***** Data to examine *****

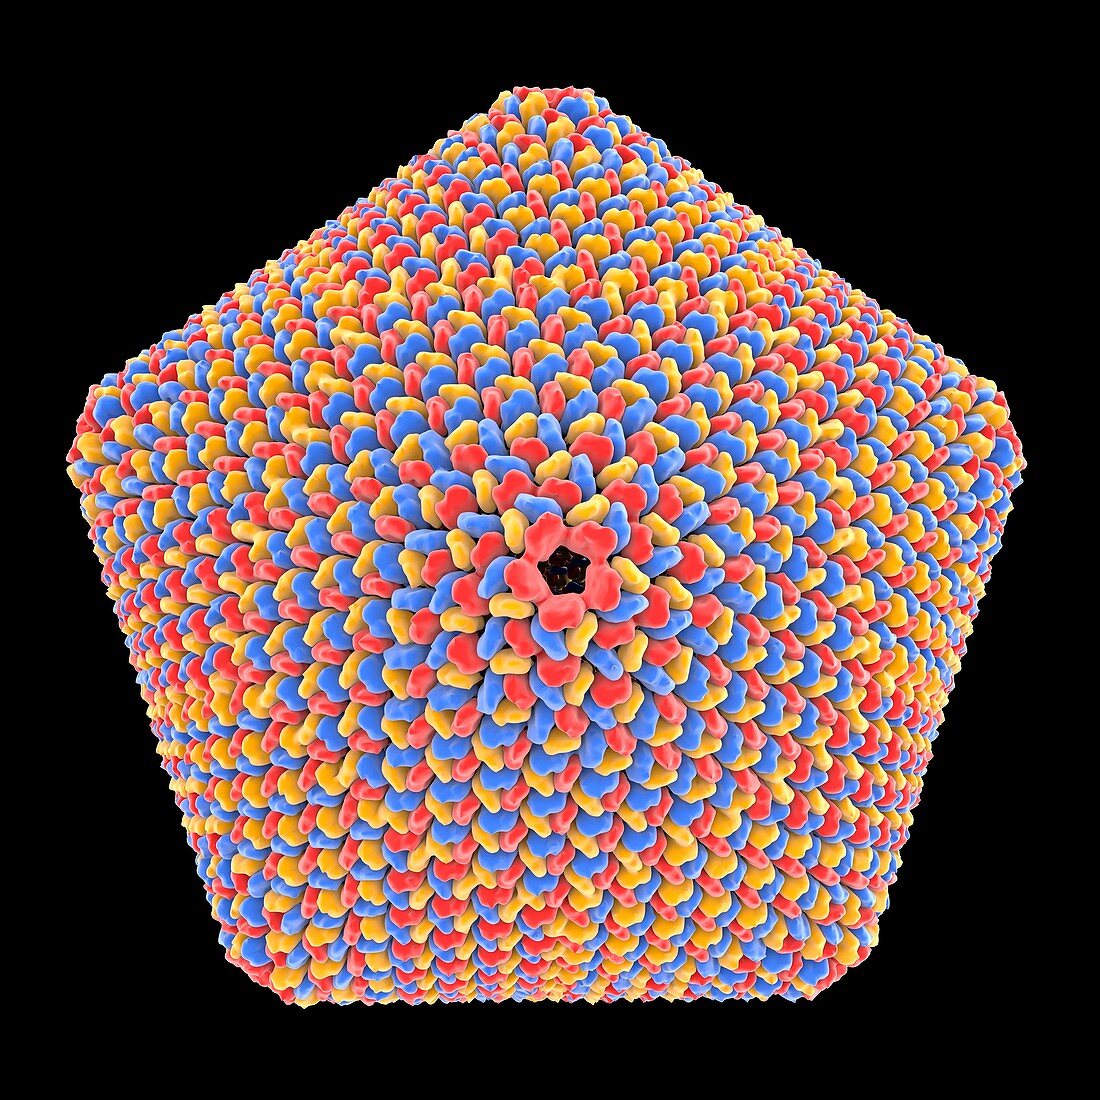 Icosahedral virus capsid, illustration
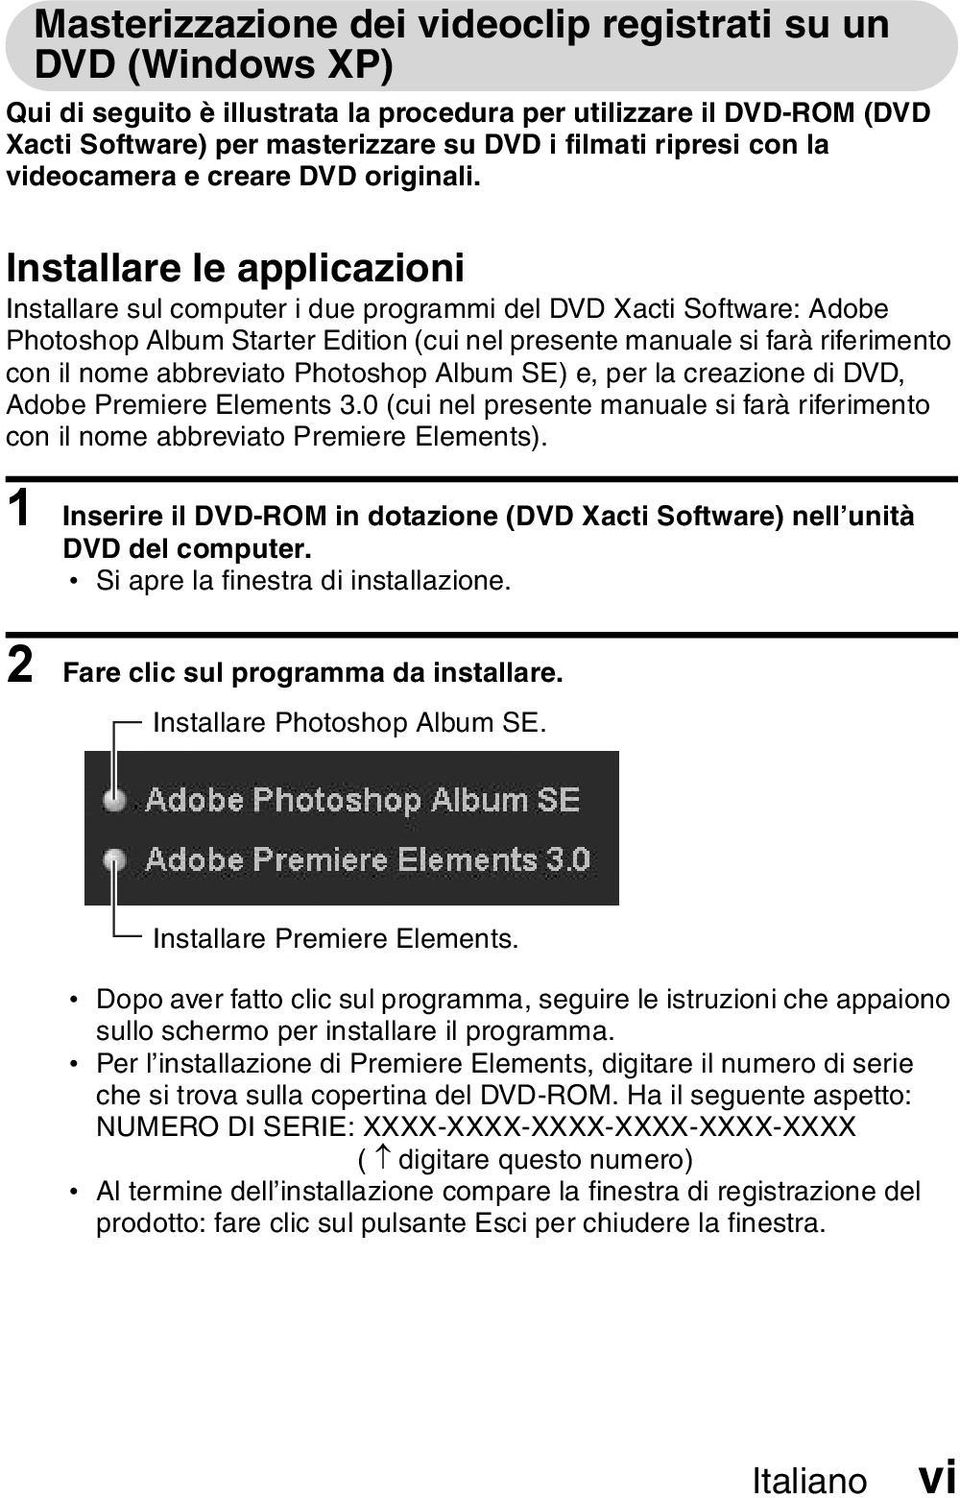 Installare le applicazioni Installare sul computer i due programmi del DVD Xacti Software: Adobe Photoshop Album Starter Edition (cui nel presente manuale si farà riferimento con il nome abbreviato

*****
***** Data to examine *****

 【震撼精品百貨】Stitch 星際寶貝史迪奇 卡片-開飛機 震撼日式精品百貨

*****
***** Data to examine *****

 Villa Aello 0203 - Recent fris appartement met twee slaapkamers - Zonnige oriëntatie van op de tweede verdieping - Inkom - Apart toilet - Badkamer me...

*****

Print, exactly, each line above from the one with "Icosahedral virus capsid, illustration" to the one with "Installare le applicazioni", end lines included. Leave pictures out of it.

● Answer for this exercise:
 Icosahedral virus capsid, illustration
 Installare le applicazioni Installare sul computer i due programmi del DVD Xacti Software: Adobe Photoshop Album Starter Edition (cui nel presente manuale si farà riferimento con il nome abbreviato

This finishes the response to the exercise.